The survey draft, pre-registration, pre-analysis plan, code, and data can be found on OSF. To protect the identity of respondents, we will not make any demographic data or text responses public. We largely followed the pre-analysis plan. The full methodology, along with any deviations from the pre-registered analyses, can be found in the full paper.

Sample

Our sample could best be described as a purposive sample. We selected individual experts based on their knowledge and experience in areas relevant for AGI safety and governance, but we also considered their availability and willingness to participate. We used a number of proxies for expertise, such as the number, quality, and relevance of their publications as well as their role at relevant organisations.
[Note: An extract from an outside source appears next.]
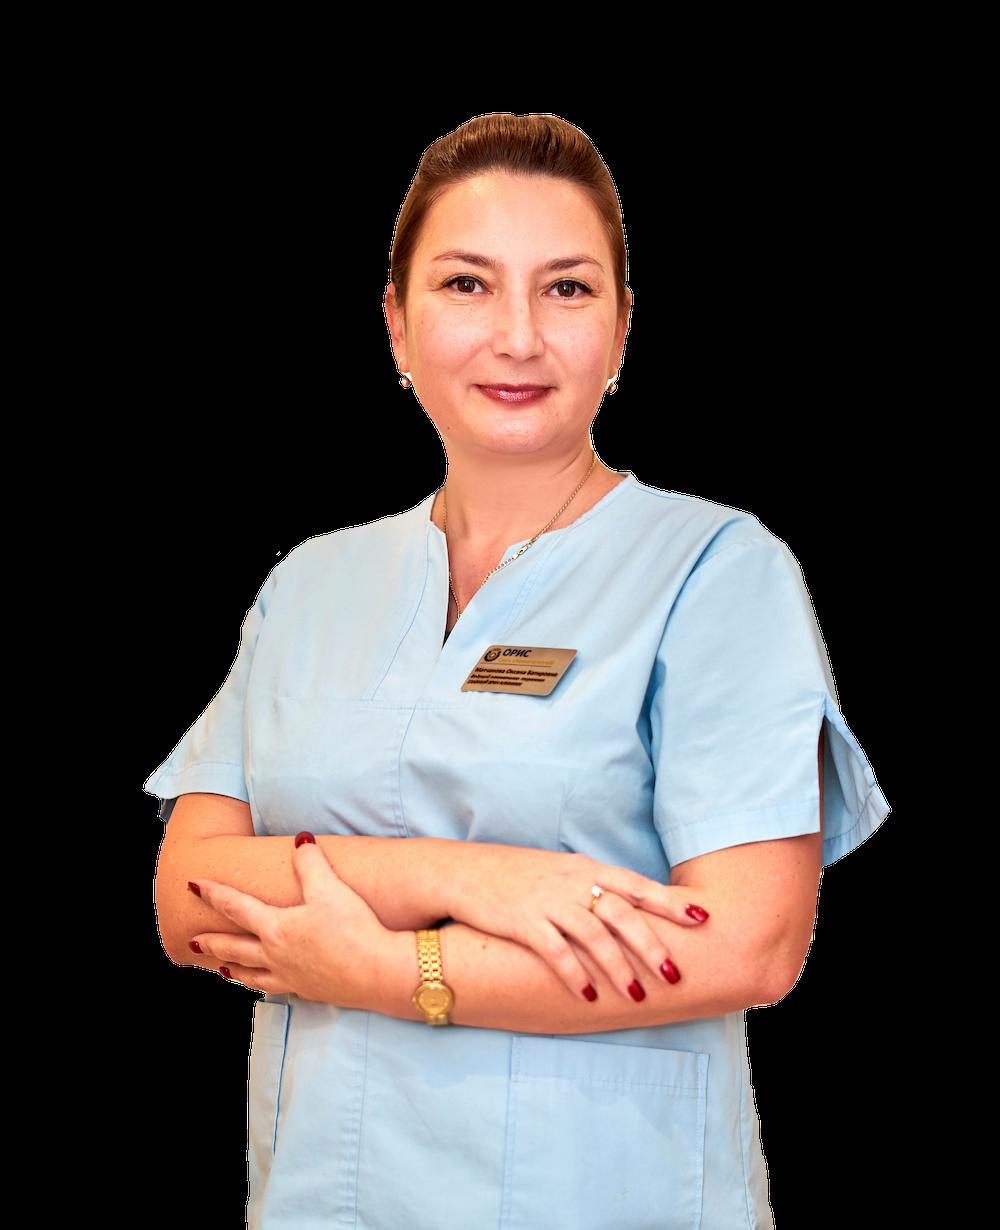 Матчанова Оксана БатыроваСтоматолог - терапевт, пародонтолог

The breakdown of the sample by sector and gender can be seen in Figure 4. Overall, we believe the selection reflects an authoritative sample of current AGI safety and governance-specific expertise. However, there are a variety of limitations of the sample detailed in our full paper.

Figure 4 | Sample by sector and gender |  The figure shows the sector of work and gender of the respondents. Respondents could choose more than one sector in which they work. We categorised sector responses as follows: AGI lab, academia, civil society (“think tank”, “nonprofit organization”), other (“other tech company”, “consulting firm”, “government”, “other”).

Survey distribution 

The survey took place between 26 April and 8 May 2023. Informed consent had to be given before proceeding to the main survey. Responses to the survey were anonymous.